Idiopathic pulmonary artery hypertension (IPAH), previously referred to as primary pulmonary hypertension (PPH), is a relatively recently described entity with an unclear etiology.

IPAH is a serious syndrome, with significant morbidity and mortality. It can be associated with progressive elevation of pulmonary artery pressure and can lead to right ventricular failure. By definition, the cause is unexplained; this implies that associated causes of pulmonary hypertension have been ruled out.

The definition of pediatric IPAH, therefore, is the same as that of IPAH in adults: a mean pulmonary artery pressure greater than 25 mm Hg at rest with normal pulmonary capillary wedge pressure, in the absence of associated causes of pulmonary hypertension.

Some authors believe that including exercise hemodynamic abnormalities in the definition is important, especially in the pediatric population; therefore, a mean pulmonary artery pressure of greater than 30 mm Hg with exercise is also considered to be an abnormal response and is consistent with the definition of idiopathic pulmonary artery hypertension.
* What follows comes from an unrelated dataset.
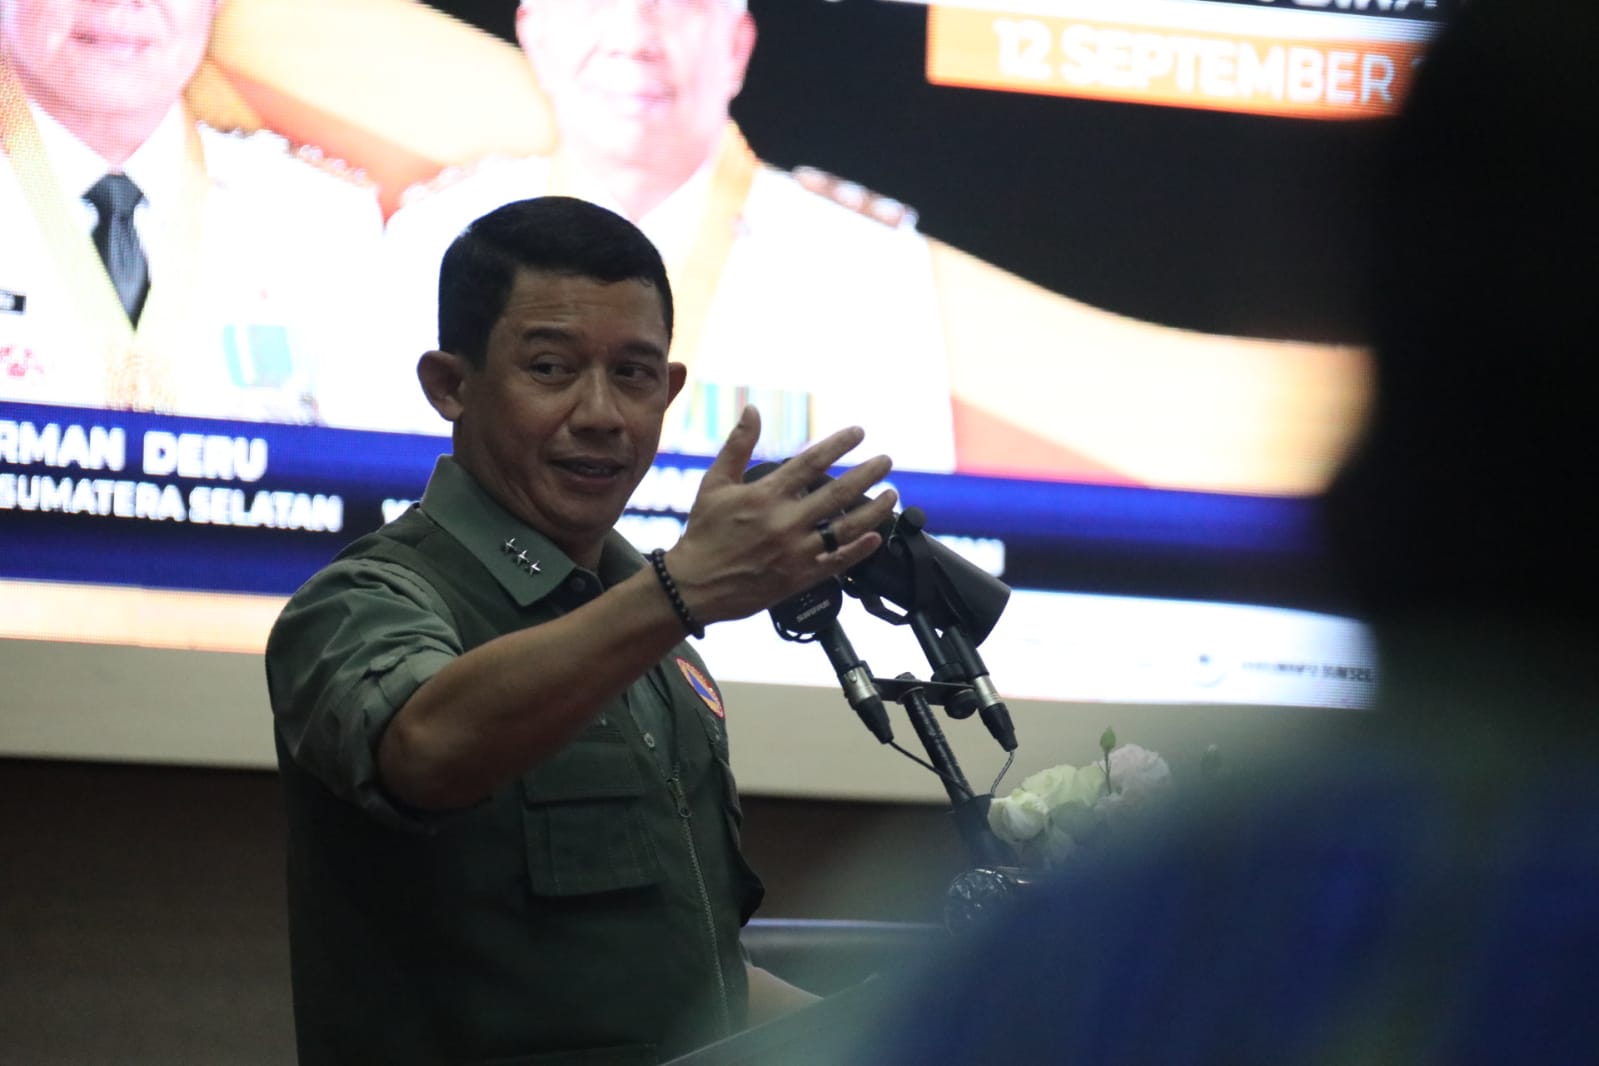 Kepala BNPB Letjen TNI Suharyanto saat memberikan sambutan pada Rapat Koordinasi Penanganan Kebakaran Hutan dan Lahan di Kantor Gubernur Sumatera Selatan, Palembang, Sumatera Selatan pada Selasa (12/9).

Because many of the symptoms of idiopathic pulmonary artery hypertension (IPAH) are nonspecific and the disorder is relatively rare, the diagnosis may be somewhat difficult to make (see Diagnosis).
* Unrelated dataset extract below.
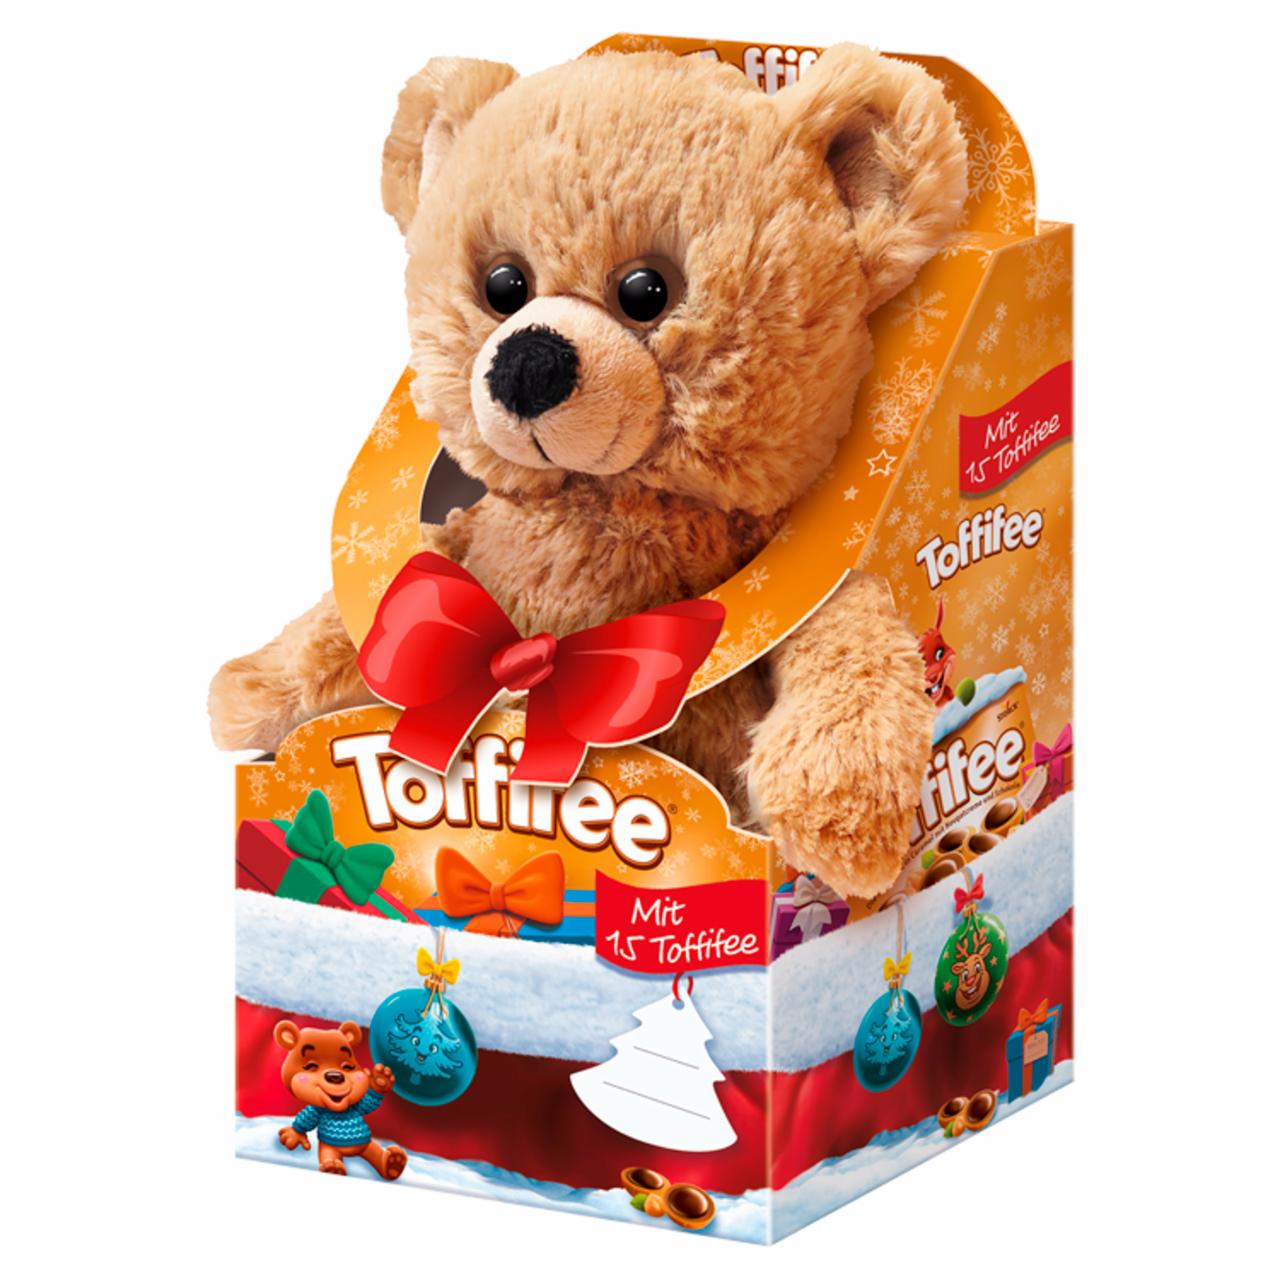 Képek - Toffifee mogyoró karamellben, mogyorós nugátkrémmel és csokoládéval, plüss figurával 125 g

The diagnostic assessment includes a variety of blood studies, coagulation studies, tests for collagen-vascular disease, and imaging studies, as well as a variety of other tests and procedures (see Workup).

The usual regimen for patients with IPAH includes warfarin (Coumadin), digoxin, and vasodilators, such as nifedipine, intravenous prostacyclin, or both. For those children who truly do not respond to long-term therapy and who are symptomatic, lung transplantation should be considered (see Treatment and Management).

For more information, see the Medscape Reference articles Primary Pulmonary Hypertension and Persistent Newborn Pulmonary Hypertension.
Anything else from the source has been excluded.